The Control Plane is entirely EDB product, and every component in it speaks HTTP. That HTTP traffic is served and secured by the Istio service mesh, which provides a single, centralized ingress surface across all CP services. Authentication, mTLS, and traffic policy are all enforced at the Istio layer before a request reaches any CP component.

The Data Plane is customer-provisioned Postgres, and every cluster in it speaks the Postgres wire protocol (PSQL). There's no middleware in the path. Each Postgres cluster listens on its own dedicated TCP connection — there's no shared proxy or mesh aggregating these connections. This is a deliberate design choice: dedicated ingress per cluster maximizes both availability and the security isolation boundary between customer workloads.

In short: HTTP CP ingress is centralized via Istio; PSQL DP ingress is dedicated per Postgres cluster.


Lifecycle isolation

Lifecycle isolation is the most operationally significant distinction between the two planes.

The CP and every DP it manages are on independent upgrade lifecycles. EDB publishes patches on a monthly cadence for the Long Term Support (LTS) release. Customers are strongly encouraged to apply these promptly, and the architecture makes this practical: upgrading the CP has no effect on running customer Postgres services on the DP. There's no maintenance window for Postgres availability when the CP is patched.

These monthly CP patches carry two categories of content:

  1. CP component security patches — hardening the orchestration layer itself.
  2. New Postgres container images — updated images for Postgres engine versions, extensions, and the container host OS, all with current security patches applied.

Once new images are available in the CP, it's the customer's decision when to use the CP's orchestration capabilities to roll those images out to their DP Postgres deployments. This preserves full customer control over Postgres upgrade timing while ensuring that hardened images are always available on demand.

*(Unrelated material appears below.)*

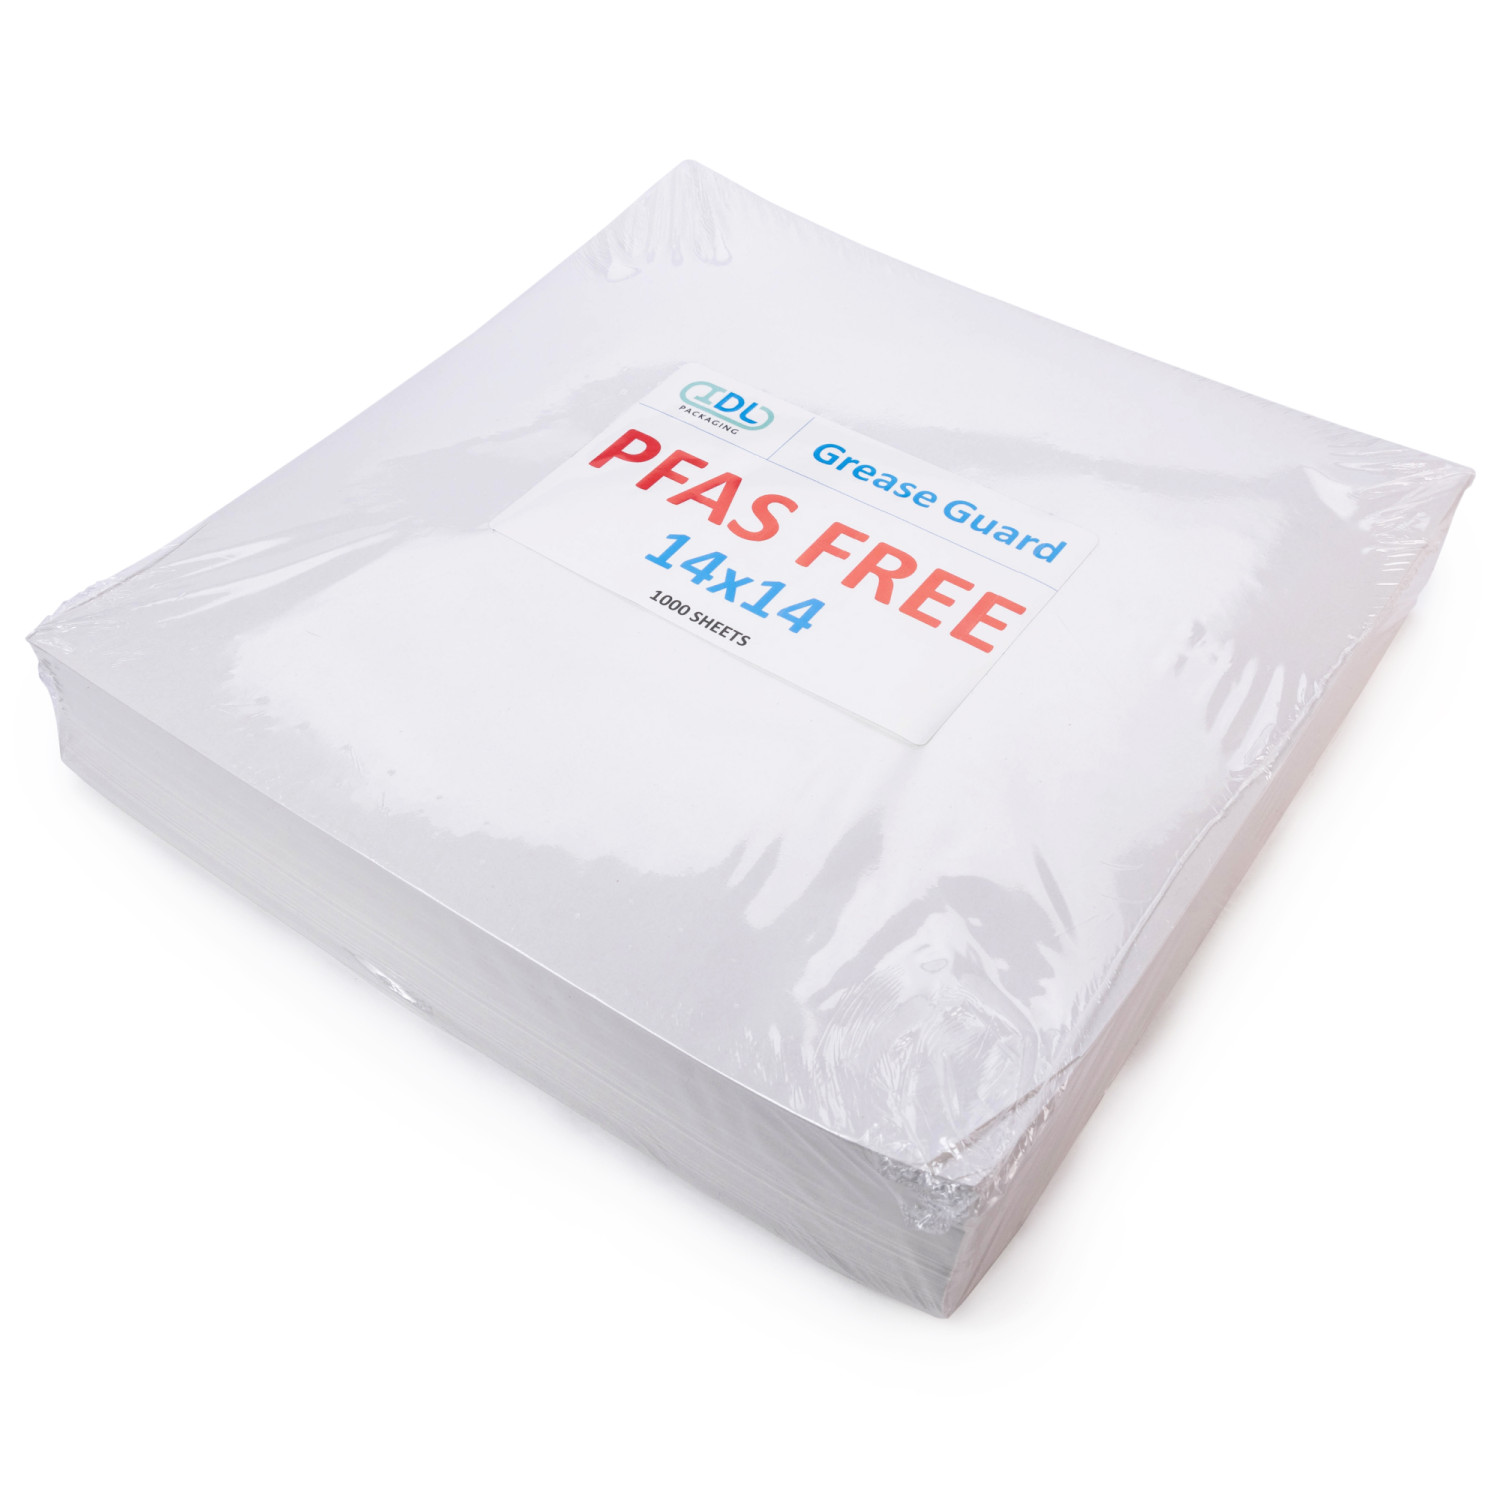 14 x 14 PFAS-Free, Grease-Proof Paper Sheets, White buy in stock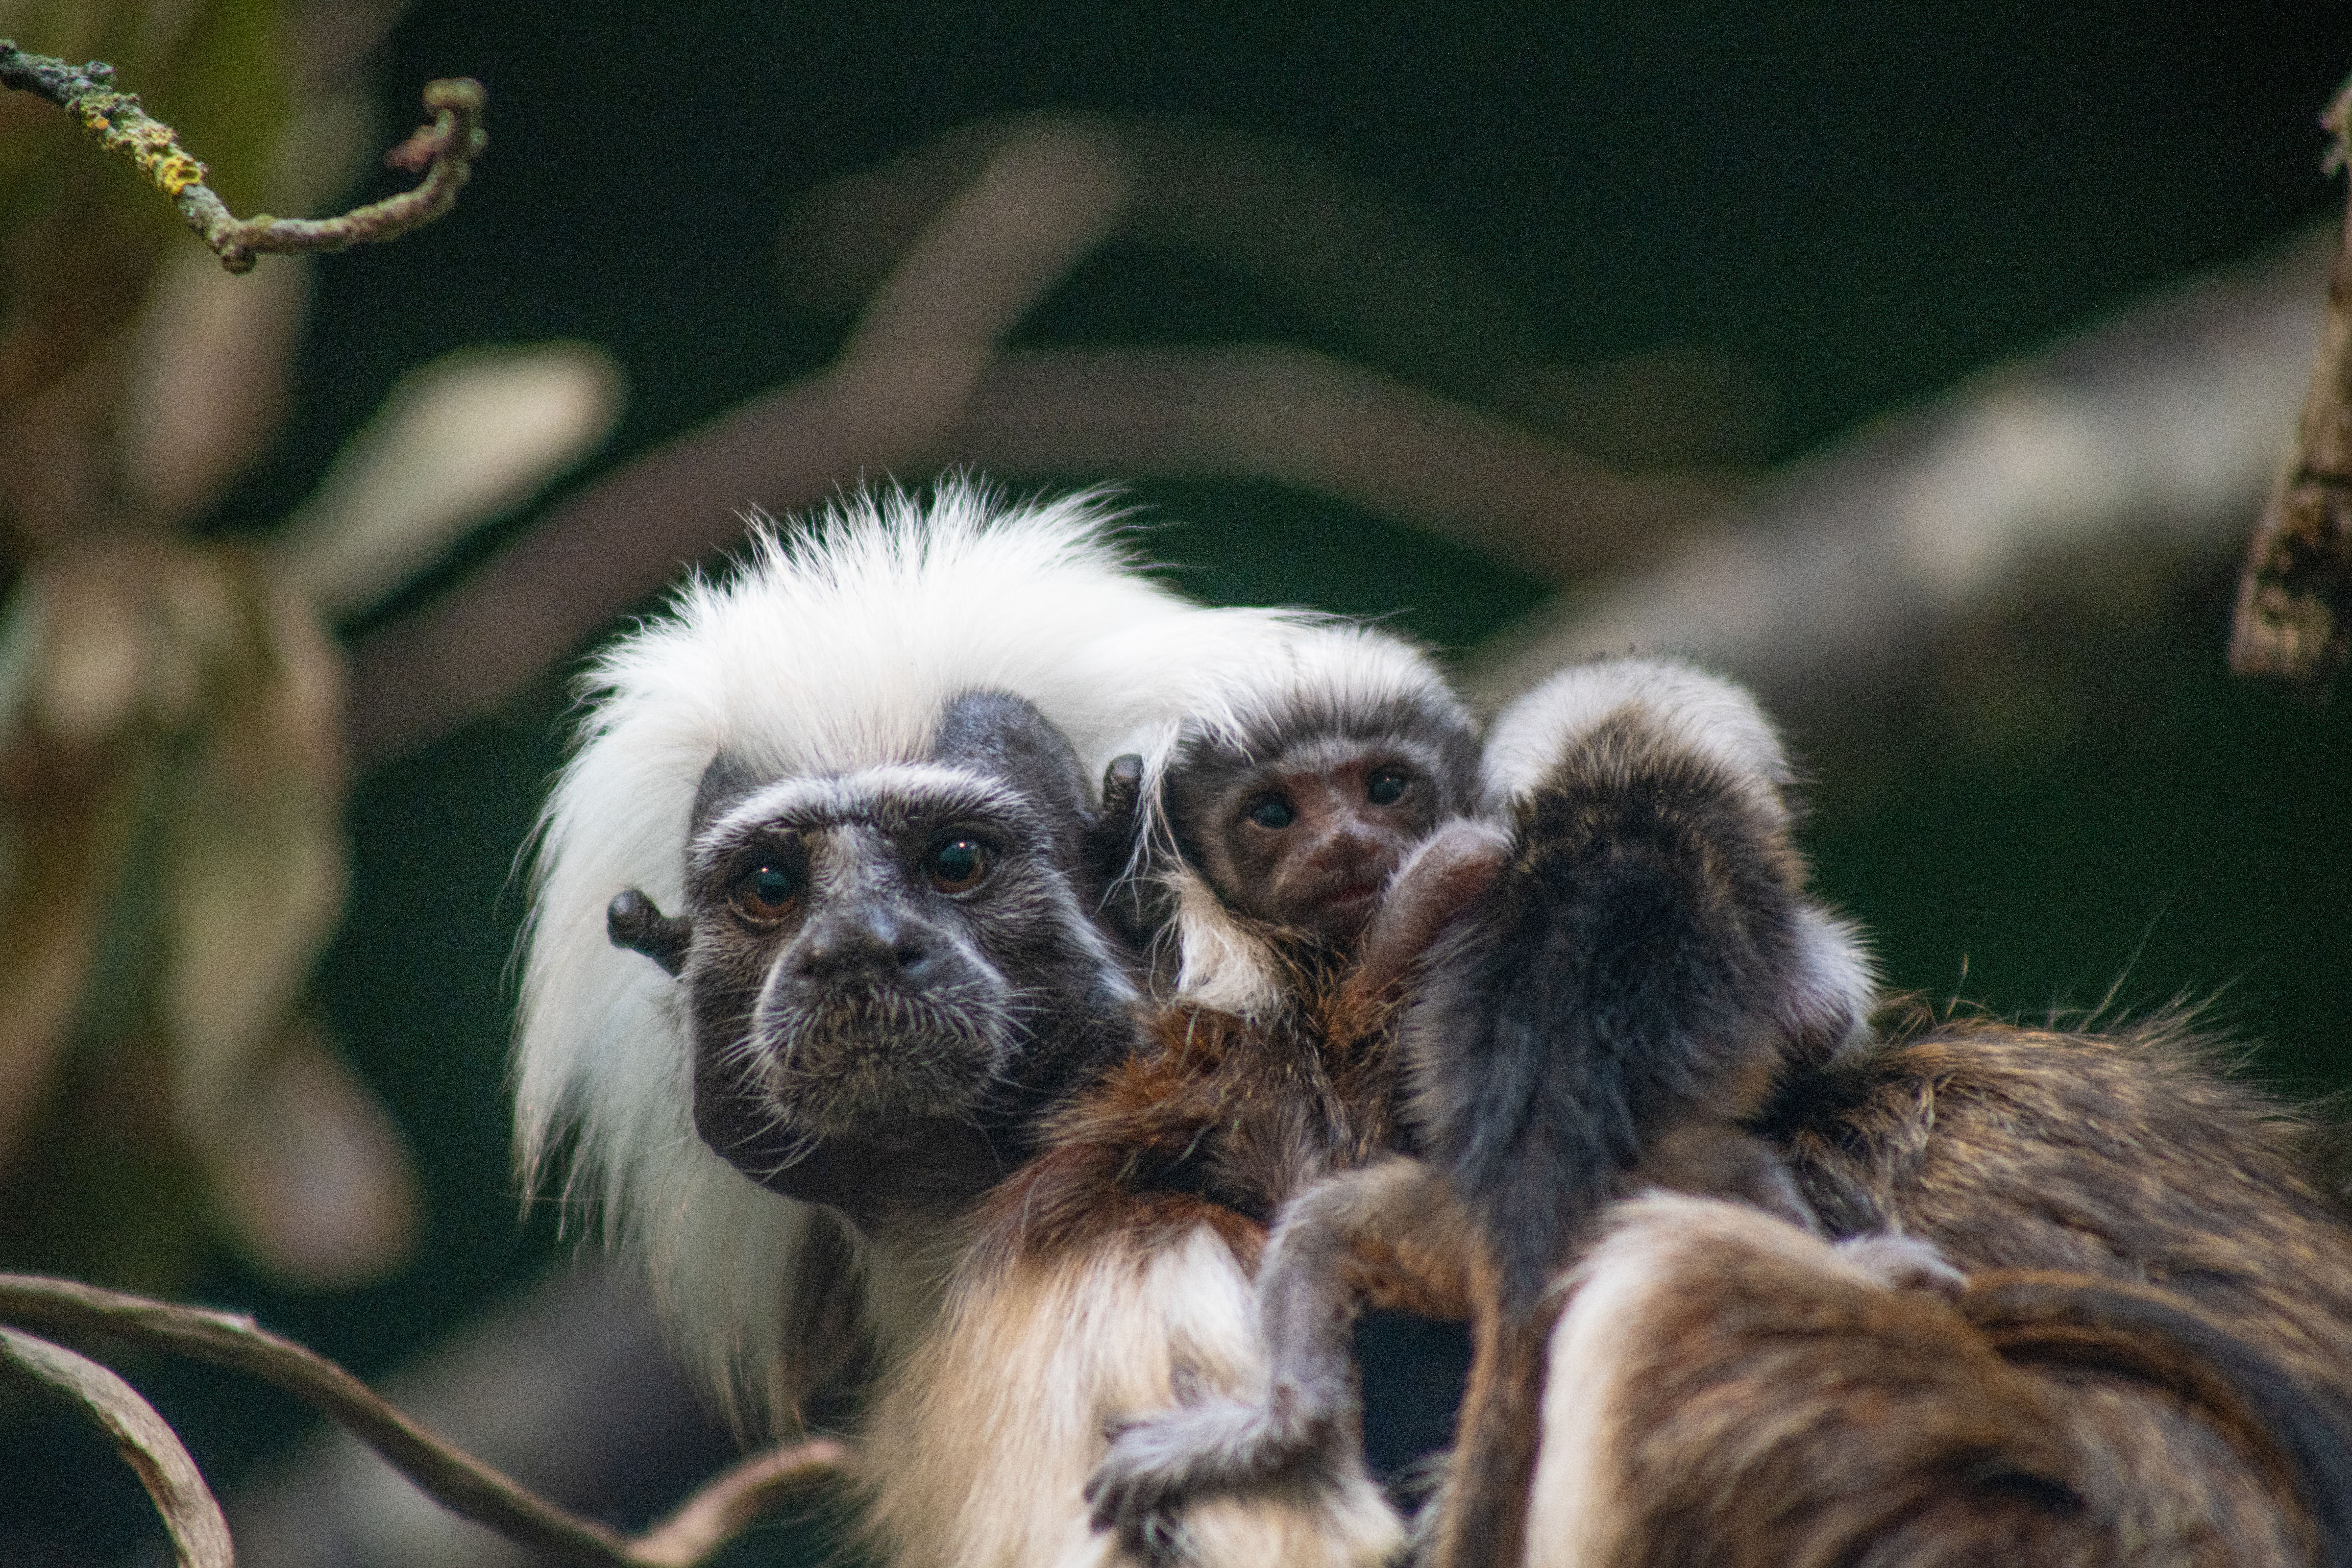 A Hampshire zoo is celebrating after “incredibly rare” cotton-headed tamarin triplets were born to first-time parents (Marwell Zoo/PA)

Availability and disaster recovery

CP availability and DP availability are independent concerns, and the two planes warrant different recovery strategies.

Control Plane

The CP doesn't sit in the data path of customer Postgres traffic. A CP outage doesn't interrupt connections to provisioned Postgres clusters — running workloads continue unaffected. The CP has a robust DR capability: with disciplined operational practice (regular backups, documented runbooks), a CP can be restored in under one hour.

Data Plane

Because the DP carries live Postgres traffic, higher availability targets require active replication across failure domains — optimally across regions. Postgres replication across DP locations (where network peering is provisioned) allows the DP to survive a regional failure without any impact to application connectivity.

Availability zones

Both planes can take full advantage of availability zones within a location. Every HM deployment location may contain CP elements, DP elements, or both. Any location can be recovered from disaster using backups. The difference is ceiling: the CP's recovery is a restore operation measured in minutes to an hour, while the DP's Postgres clusters have the architectural capacity to remain continuously available through a disaster by maintaining live replicas in other failure domains.

Deployment architectures

Use reference architectures A-D below as reference models to decide which topology matches your "Target state."

Note

This legend above also applies to reference architectures A-D below.

Minimum Control Plane

The minimum install colocates the HM Control Plane (CP) on the Kubernetes control nodes.

This is fully functional for:

  • Centralizing a view of your Postgres/Oracle Estate.
  • Database migration capabilities.
  • GenAI (limited capabilities due to lack of managed Postgres instances).

HM minimum

Internal architecture: HM Control Plane

HM is composed of several core microservices running within the Kubernetes cluster. Understanding these components is helpful for planning resource allocation and security boundaries.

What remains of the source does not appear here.